Она хотела было поделиться своими открытиями с Севериной, но сообразила, что у нее нет ни секунды.


Через десять минут Ксавьера уже была у своего гинеколога, доктора Плассара, окна которого выходили на авеню Лепутр, тенистую улицу, засаженную каштанами.

— Здравствуйте, Ксавьера, вы перезаписались на более раннюю дату — мы должны были увидеться через шесть месяцев. Что-то случилось?

— Обычное дело: у меня менопауза.

— Ну, в вашем возрасте это вполне возможно.

— У меня прекратились месячные, иногда я чувствую себя ужасно усталой и еще… как бы это сказать… соски очень чувствительные.

— Да, обычные симптомы. С мочеиспусканием трудности есть?

— Нет, все в порядке! А что, и такое бывает?

— Давайте я вас посмотрю.

В следующие пятнадцать минут она решила отстраниться от собственного тела как можно дальше; безразлично, с отсутствующим видом она дожидалась, пока врач не произведет осмотр и не возьмет все анализы, какие считает нужным.

Когда он попросил ее одеться и несколько минут подождать, она устроилась в кресле в приемной и задремала.

Вскоре доктор Плассар разбудил ее, пригласил снова зайти в кабинет и предложил сесть.

— Ксавьера, это не менопауза.

— А что же?

— Вы беременны.

15

— Так что, ты сегодня не получал желтого конверта?

— Нет, а ты?

— Я тоже.

Том держал в одной руке свою почту, а в другой — круассаны, которые принес к завтраку, горячие, золотистые и хрустящие.
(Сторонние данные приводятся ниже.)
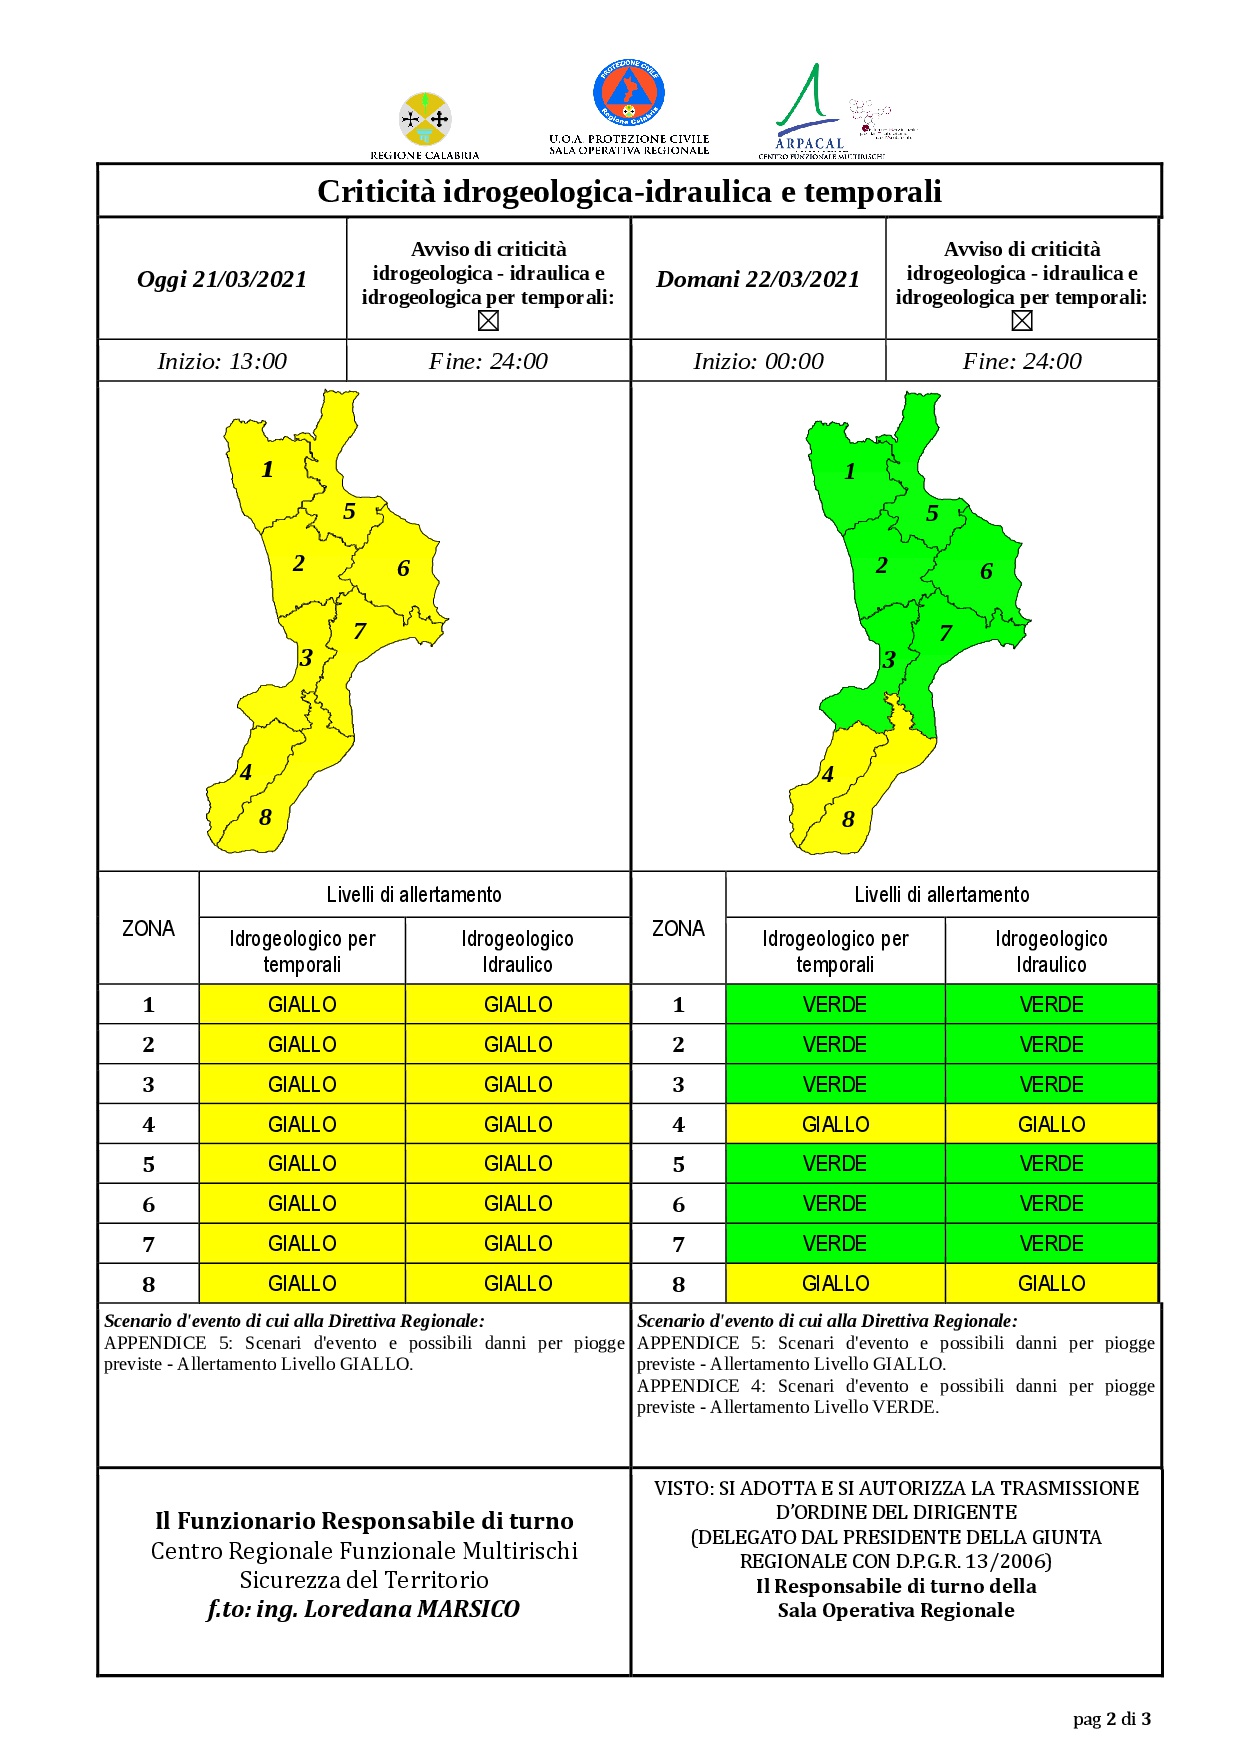 Criticità idrogeologica-idraulica e temporali in Calabria 21-03-2021

Хотя он провел ночь у Натана, он сделал небольшой крюк: зашел в булочную, а потом в свою квартирку, надеясь, что его там ждет еще одно анонимное письмо.

— Нет, сегодня мы не выясним правду, — вздохнул Натан.

— Увы…

Их обоих очень заинтересовали эти загадочные события. Как только им удалось убедить друг друга, что ни один из них не писал этой записки «Просто знай, что я тебя люблю. Подпись: ты угадаешь кто», они стали доискиваться, кто же стоит за этой историей. Эта тайна распаляла их воображение, вызывала бесконечные споры; с того дня они уже не расставались.

Натан забрал у Тома круассаны и накрыл на стол: фарфор блистал всеми цветами радуги.

— Не знаю, кто написал эти записки, но я заметил один важный результат этой истории: ты теперь не уходишь отсюда.

— Правда? — пробормотал Том, смущенный, что Натан обратил на это внимание: он побаивался, что друг заведет свою обычную песенку о том, что хорошо бы жить вместе.

— И я делаю вывод, что этот человек хотел нам добра. Он, должно быть, знал, что каждый из нас подумает, что записку написал второй, и это нас сблизит. Может, это наведет нас на след?

Том покачал головой и задумался. Кто-то, кто хотел нам добра? Он даже перестал жевать от удивления:

— Какая забавная мысль! Я и не подумал. А действительно, есть ли, вообще-то, на свете человек, который хочет нам добра? Я еще мог бы назвать тех, кто хочет добра мне — мои сестры, например, — или тебе, скажем, твои родители, — но чтобы кто-то хотел добра нам обоим вместе?